# Please help - surrogacy where to go



## aqua2011

Hi guys,

I'm going crazy, can't sleep. I don't know what to do.

My hubby and I are desperate and don't know where to go for surrogacy. Please help to make our mind.
Back ground: We've done 10 rounds of IVF + one round of Egg donor + one round of totally failed surrogacy.
Tried Adaptation: we were told that we're old to adopt (me 43 and husband 45) infant.

We need surrogate + Egg donor. 

We've created a list based on our information in hand about the counties/cities where provide surrogacy + Egg donor. We don't know which one to choose. 

- USA: good success rate. but very expensive for us. we have to sell our home to be able to effort it.

- Georgia (Tbilisi) - been there and totally unsuccessful and can't find more than one person successful in a few years.

- Thailand: health warning and coup at the moment.

- India : health warning and lots of hops jumping (medical visa and etc)  and not treating surrogate mother well.

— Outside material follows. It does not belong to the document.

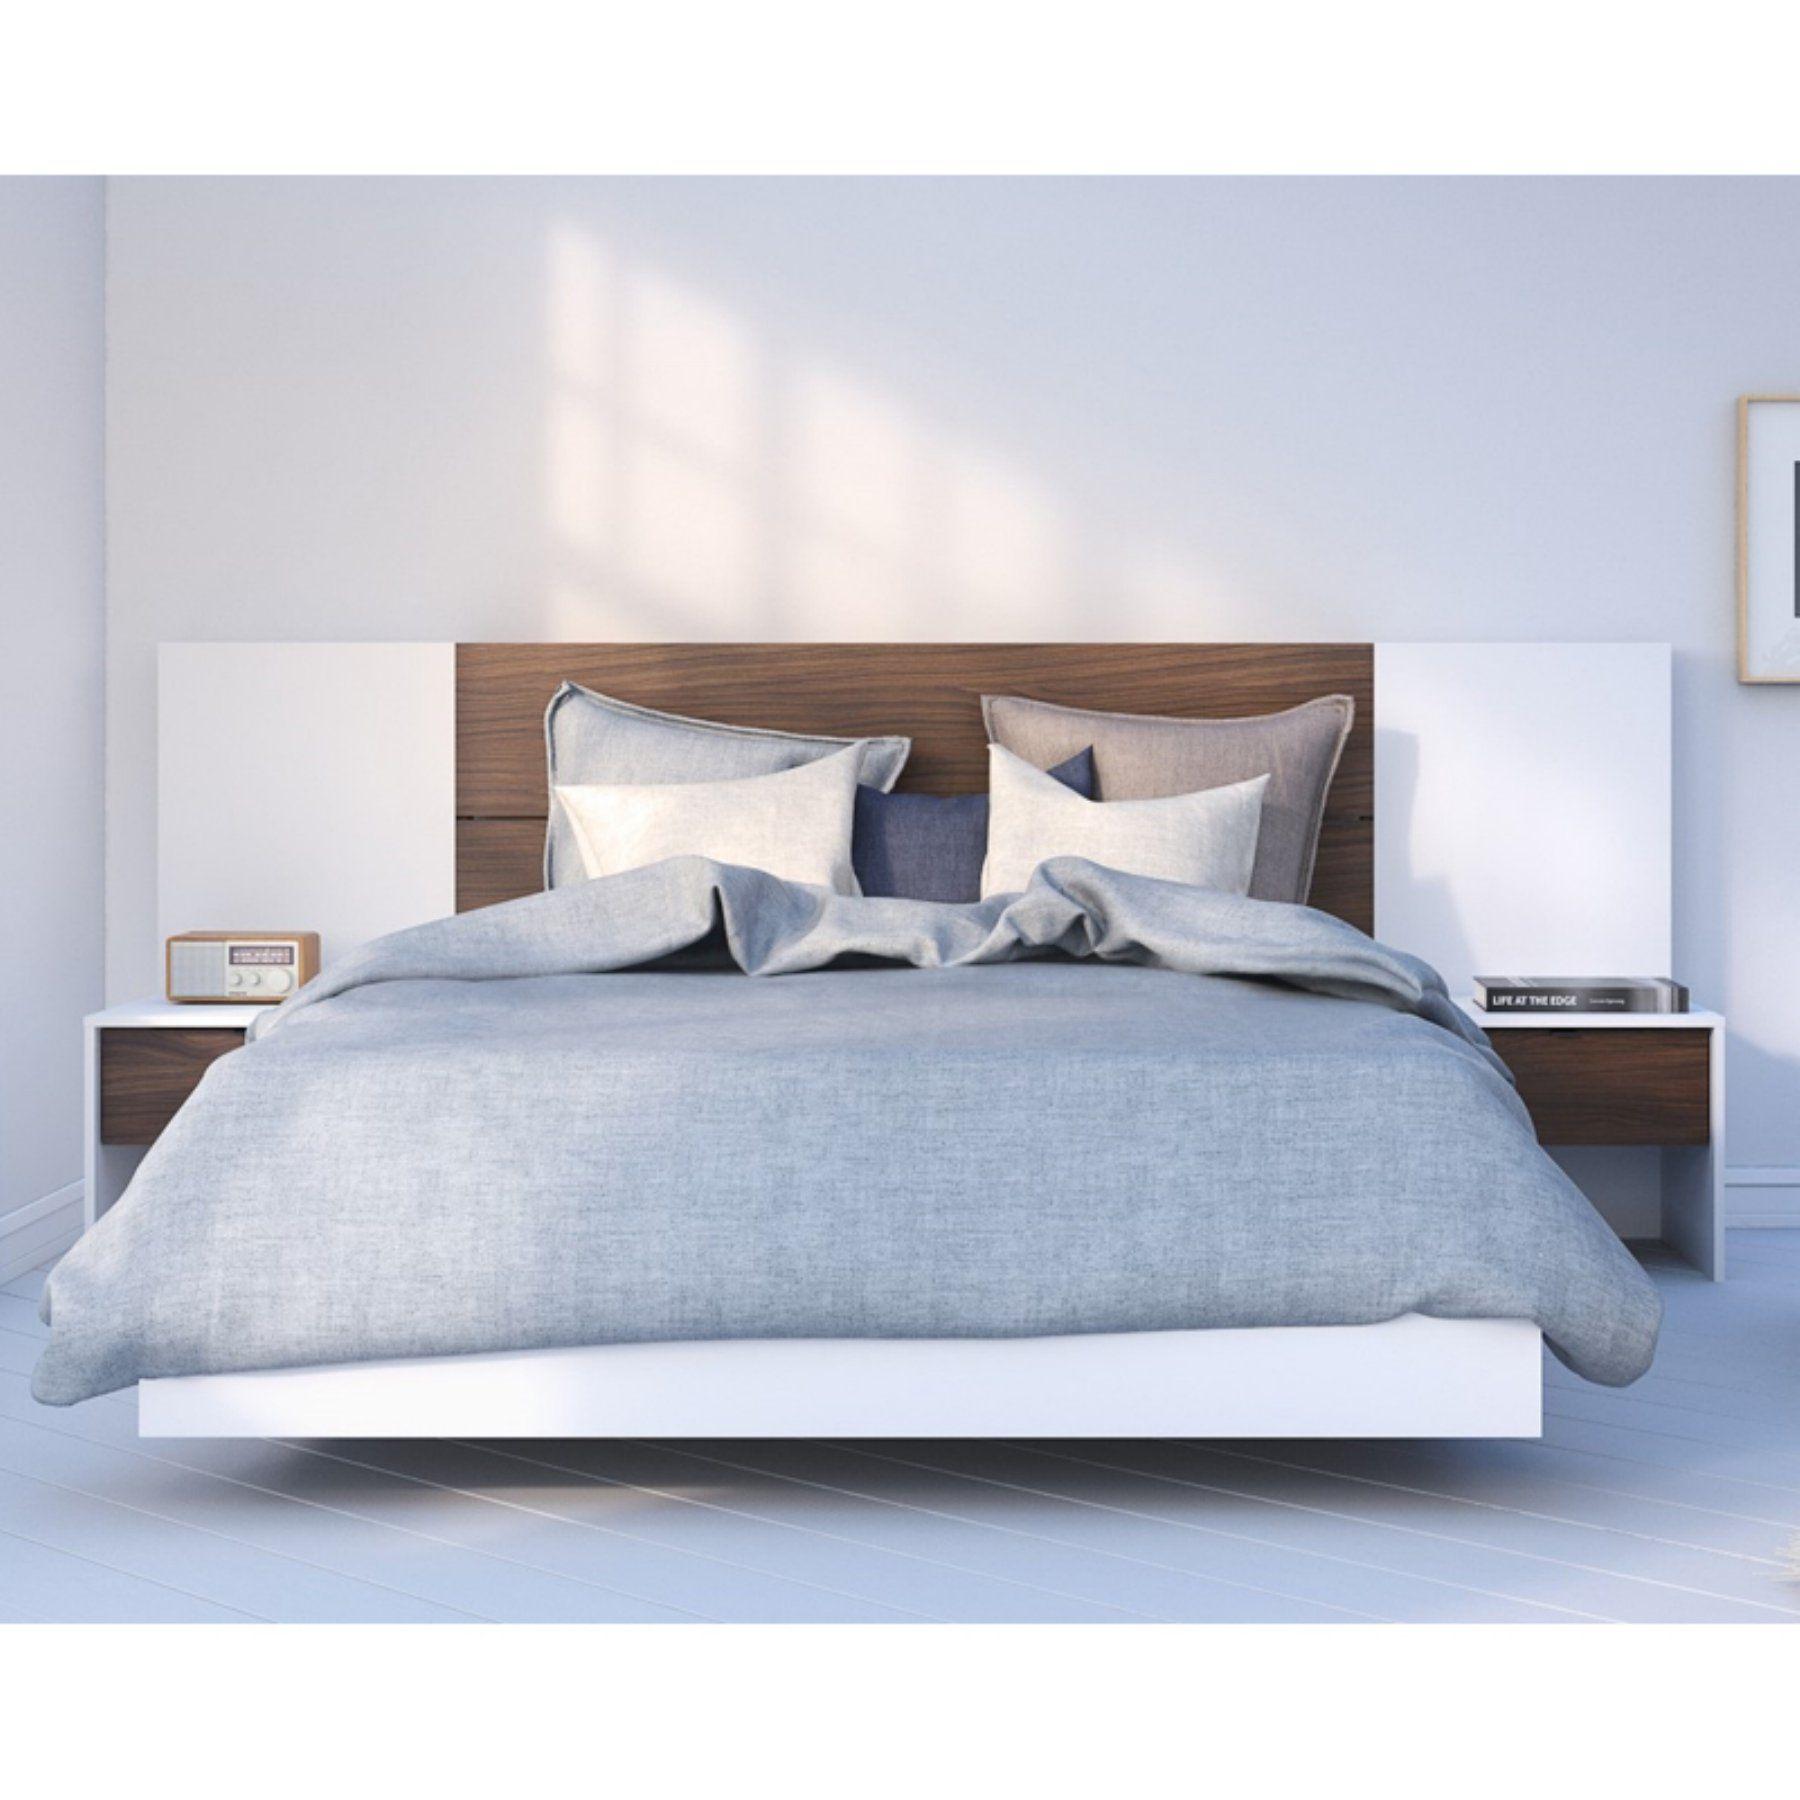 Nexera Celebri T Plank Effect Platform Bed With Headboard Extension Panels
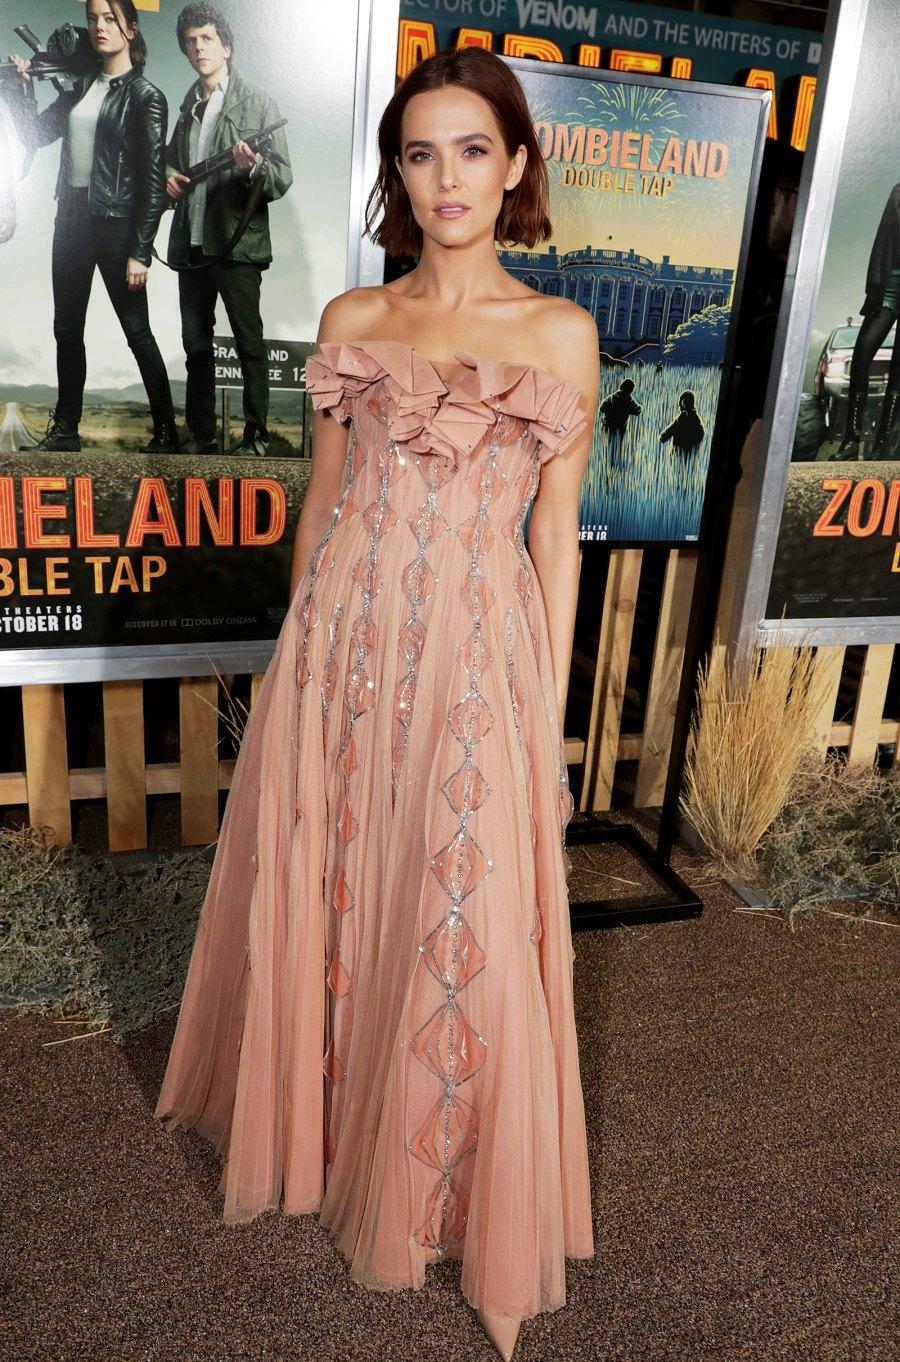 Zoey Deutch Dusty Rose Gown October 10, 2019

- Russian: information says stay away

- Ukraine: unstable situation

- Mexico: new and unfamiliar ground

where to go? Please help. I really need you, guys. Family and friends tell us to stop and except that God/universe doesn't want to have kid. 

Thanks for help

Aqua


----------



## BUFFYBOXER

Hi have u tried double donor? That was our only chance of a baby and we went to Spain were we paid 33.000 euros I think! On a refund programme which meant that if we weren't pregnant after 3 cycles they refund u 75 percent of the money back,we were lucky and it worked on our second go x


----------



## aqua2011

Hi,

Thanks for reply Buffyboxer.

We've thought about the double donor. But we need surrogate too. There are only a few places offered Egg Donor + Surrogate.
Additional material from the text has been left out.